Benchmark Performance

Reinforcement learning algorithms are difficult to debug and test. For this reason, in order to ensuring the correctness of the preset agents provided by the autonomous-learning-library, we benchmark each algorithm after every major change. We also discuss the performance of our implementations relative to published results. For our hyperparameters for each domain, see all.presets.

Atari Benchmark

To benchmark the all.presets.atari presets, we ran each agent for 10 million timesteps (40 million in-game frames). The learning rate was decayed over the course of training using cosine annealing. The environment implementation uses the following wrappers:

NoopResetEnv (adds a random number of noops at the beginning of each game reset)
MaxAndSkipEnv (Repeats each action four times before the next agent observation.

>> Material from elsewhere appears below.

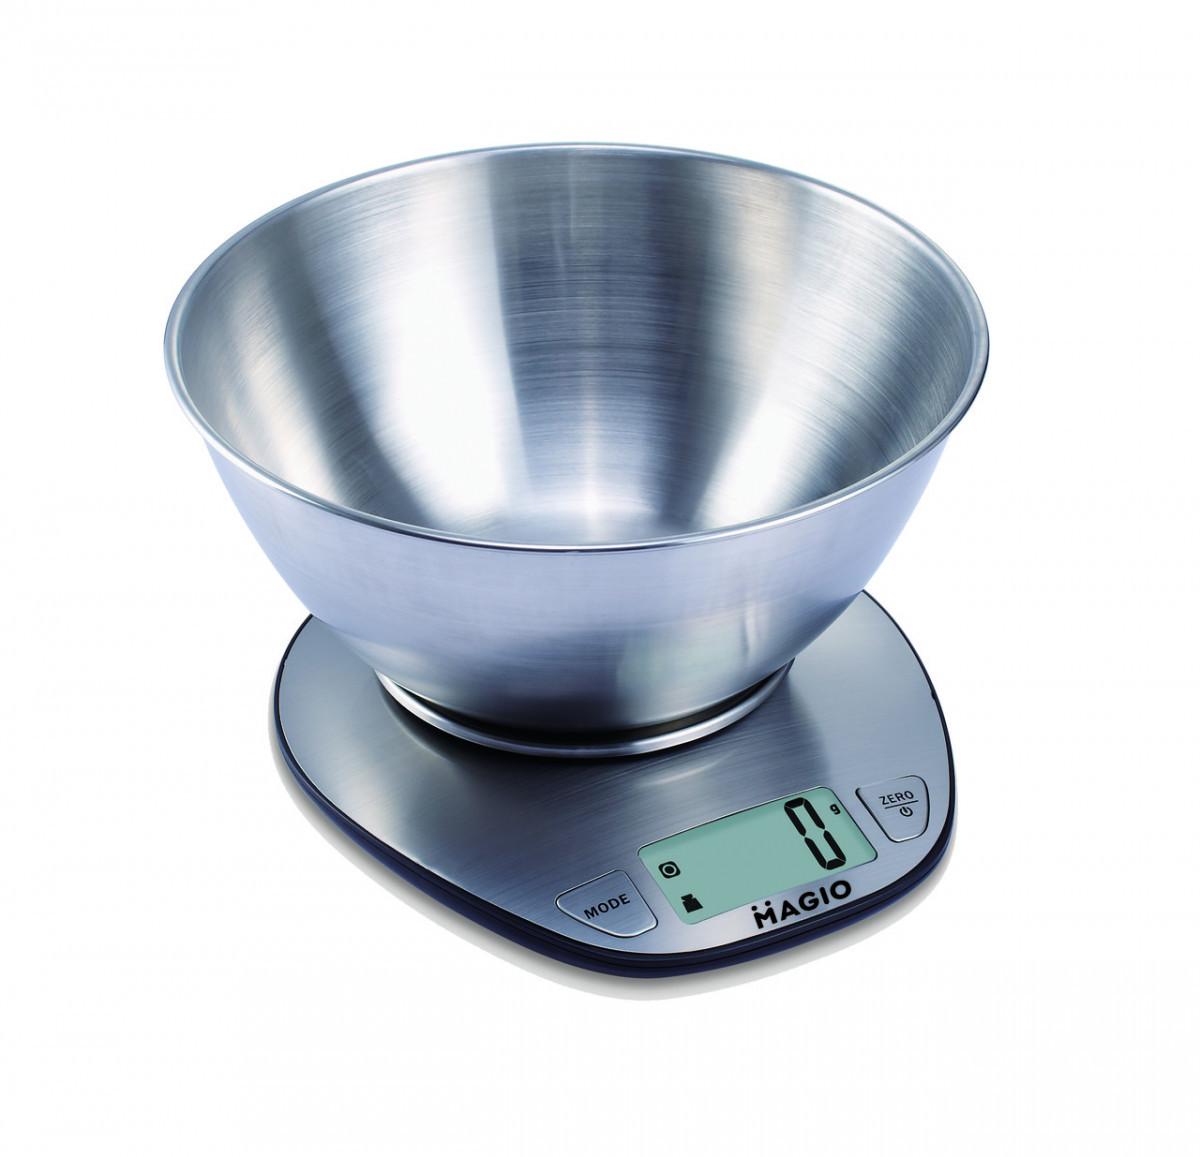 Весы кухонные MAGIO MG-691 5 кг/электр./нерж/ж/к дисп

Takes the max pixel value over the four frames.)
FireResetEnv (Automatically chooses the “FIRE” action when env.reset() is called)
WarpFrame (Rescales the frame to 84x84 and greyscales the image)
LifeLostEnv (Adds a key to “info” indicating that a life was lost)

Additionally, we use the following agent “bodies”:

FrameStack (provides the last four frames as the state)
ClipRewards (Converts all rewards to {-1, 0, 1})
EpisodicLives (If life was lost, treats the frame as the end of an episode)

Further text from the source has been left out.